Na última semana, senadores governistas apresentaram diversas propostas de emenda ao texto. Uma das principais teve apoio, entre outros, de Flávio Bolsonaro (Patriota-RJ), mas foi rejeitada.

A emenda pretendia retirar dois itens do projeto: aquele que criminaliza o atentado a direito de manifestação e também aquele que prevê aumento de pena para militares, com a perda do posto e da patente ou graduação.

A justificativa dos autores da emenda é de que o dispositivo dificulta a caracterização do que seria uma manifestação pacífica, “gerando grave insegurança jurídica para os órgãos responsáveis pela manutenção da ordem”.

E, no caso da pena aumentada para militares, argumentam que a previsão “cria verdadeira ameaça para inibir a atuação das forças de segurança na preservação da ordem pública”.

Para Alexandre Wunderlich, a aprovação da emenda “atenderia apenas interesses corporativos”.

O professor Diego Nunes rebate a argumentação de que o artigo cria um engessamento das atividades policiais e destaca que o Código Penal já tem previsões relacionadas a ações por obediência hierárquica e pelo estrito cumprimento de dever legal e que apenas excessos são passíveis de punição atualmente.

“O que a nova lei prevê é que a PM e as Forças Armadas não intervenham como tutoras do direito de manifestação, inspirando temor ao seu exercício”.

Quanto aos militares, ele destaca que também servidores civis têm pena aumentada de acordo com o projeto. “Dada a sua função o dever de respeito às instituições democráticas é fundamental, pois afinal [servidores e militares] estão agindo ‘por dentro’ delas”, afirmou.
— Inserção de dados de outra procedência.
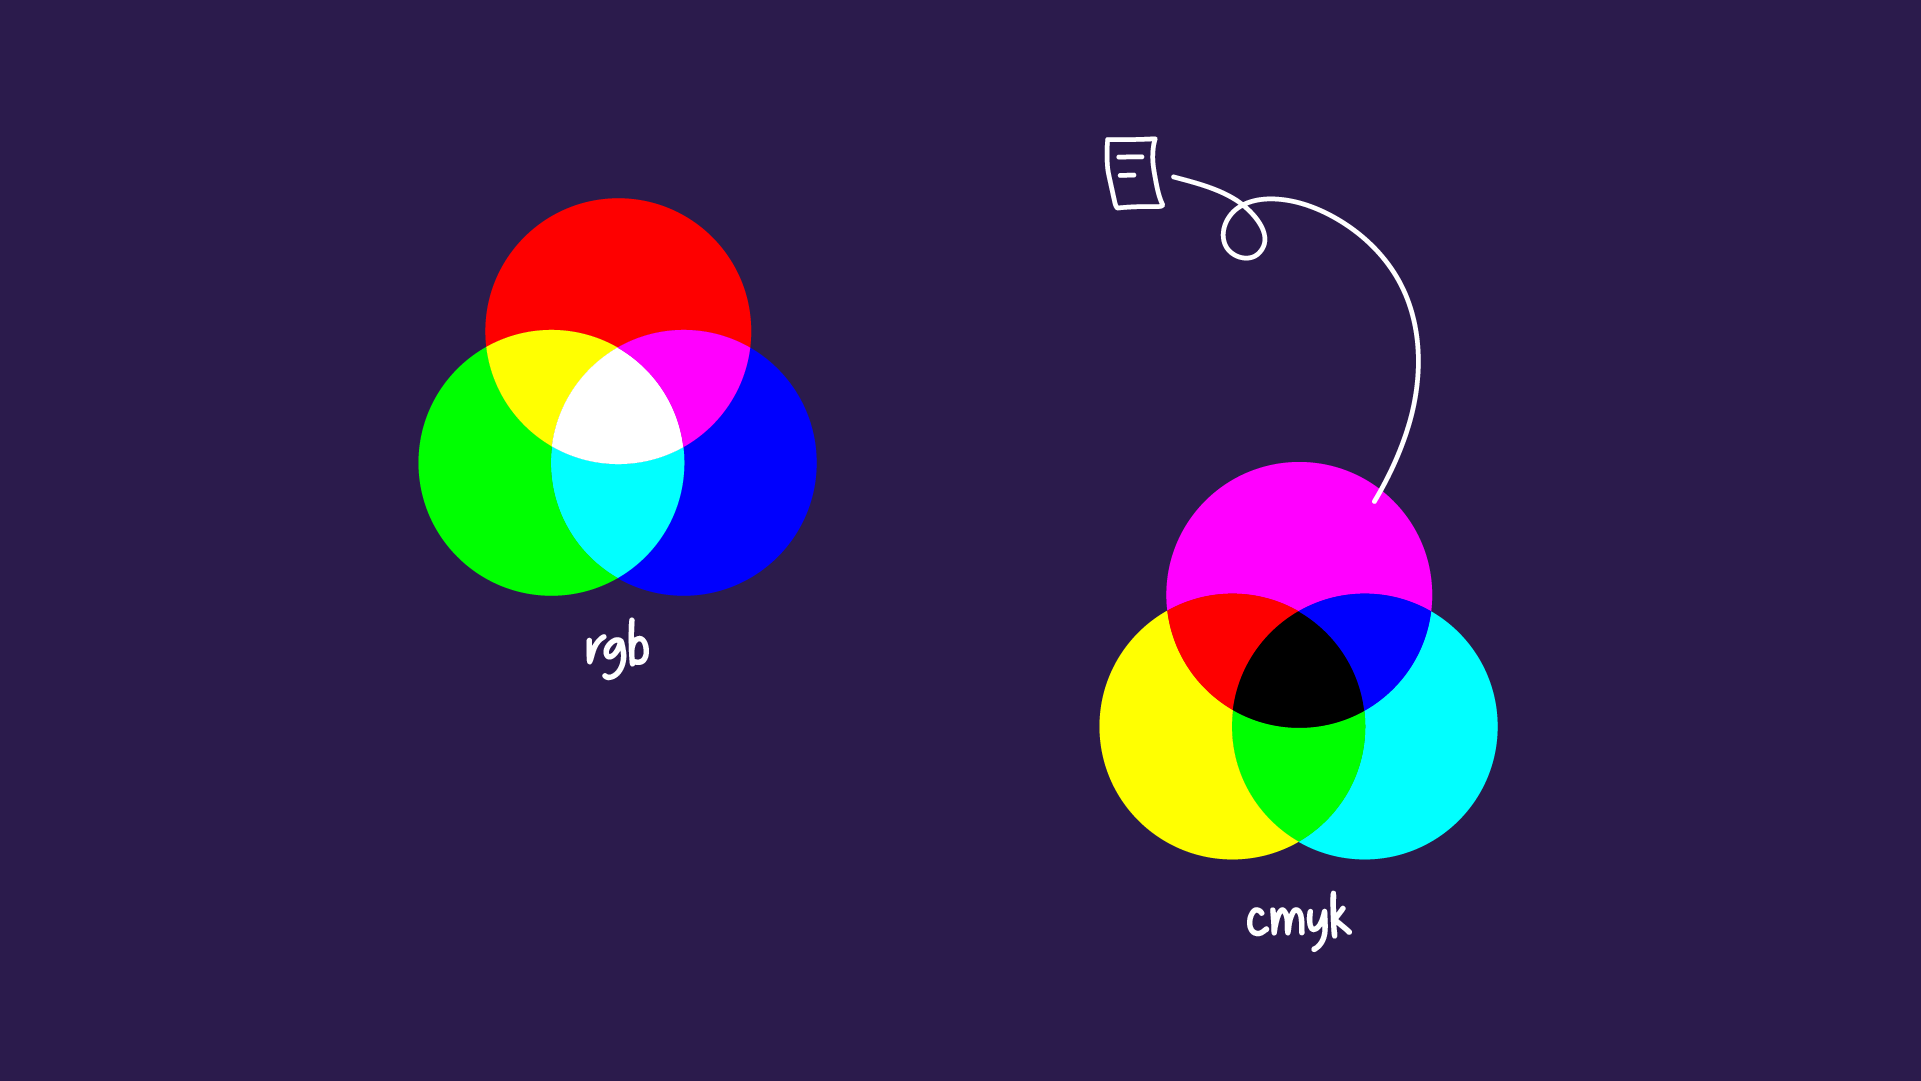 كيفية اختيار أفضل مجموعات وتركيبات الألوان للعروض التقديمية
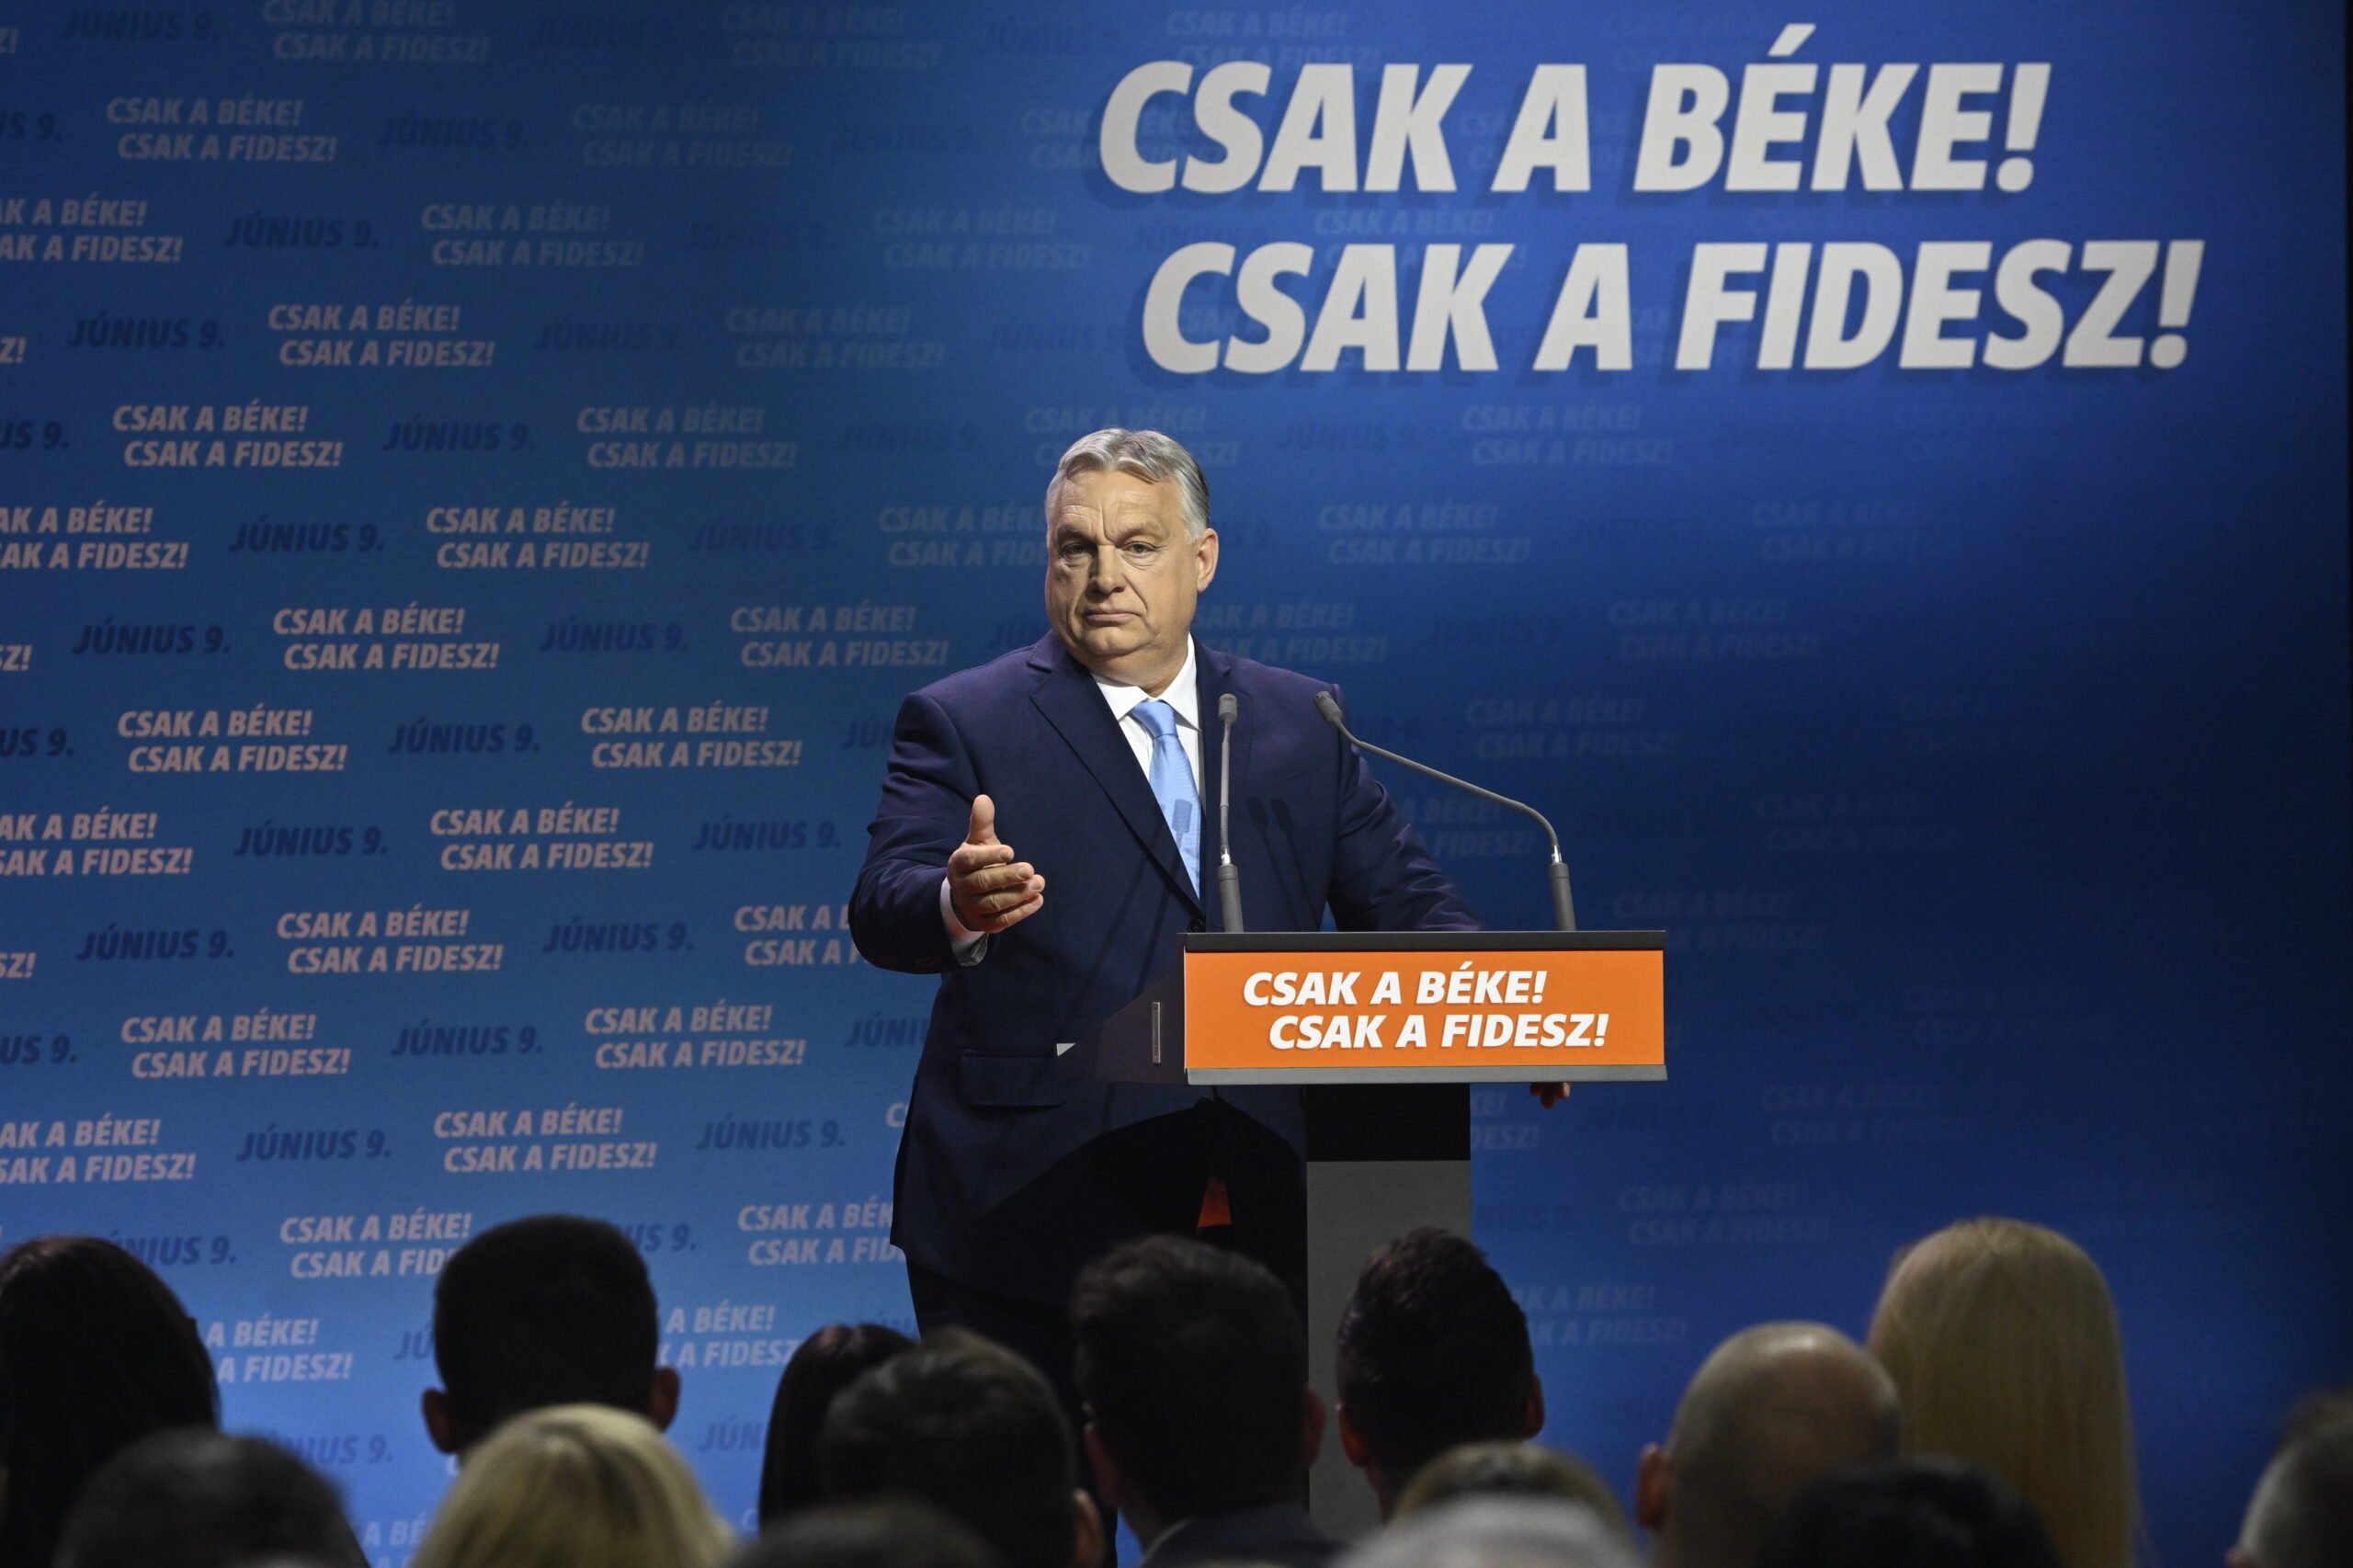 Először szólalt meg Orbán Viktor Magyar Péterről: a baloldal belügye, majd maguk között elrendezik

Confira abaixo os crimes contra o Estado democrático de Direito aprovados pelo Congresso e que foram à sanção presidencial:

CRIMES CONTRA A SOBERANIA NACIONAL
O capítulo dos crimes contra a soberania nacional inclui os crimes de atentado à soberania, espionagem e atentado à integridade nacional.

Tais crimes buscam proteger o país em relação a atores externos assim como de ações que visem, por exemplo, separar parte do território nacional.

No crime de espionagem, há uma ressalva de que não constitui crime a comunicação de informações ou documentos quando o objetivo é expor a prática de crime ou a violação de direitos humanos.

CRIMES CONTRA AS INSTITUIÇÕES DEMOCRÁTICAS
Estão previstos neste capítulo os crimes de golpe de Estado e de abolição violenta do Estado democrático de Direito.

Este último prevê pena de quatro a oito anos para aquele que “tentar, com emprego de violência ou grave ameaça, abolir o Estado democrático de Direito, impedindo ou restringindo o exercício dos poderes constitucionais”.

Já no caso de golpe de Estado, a pena é de quatro a 12 anos.

CRIMES CONTRA O FUNCIONAMENTO DAS INSTITUIÇÕES DEMOCRÁTICAS NO PROCESSO ELEITORAL
A princípio, estão previstos três crimes neste capítulo: interrupção do processo eleitoral, comunicação enganosa em massa e violência política. Especialistas criticaram a inclusão de tema eleitoral no Código Penal.

Com pena de um a cinco anos, o projeto criminaliza a ação de promover ou financiar campanha ou iniciativa “para disseminar fatos que sabe inverídicos, e que sejam capazes de comprometer a higidez do processo eleitoral”.

O enquadramento só ocorre quando a disseminação ocorre mediante uso de “expediente não fornecido diretamente pelo provedor de aplicação de mensagem privada”.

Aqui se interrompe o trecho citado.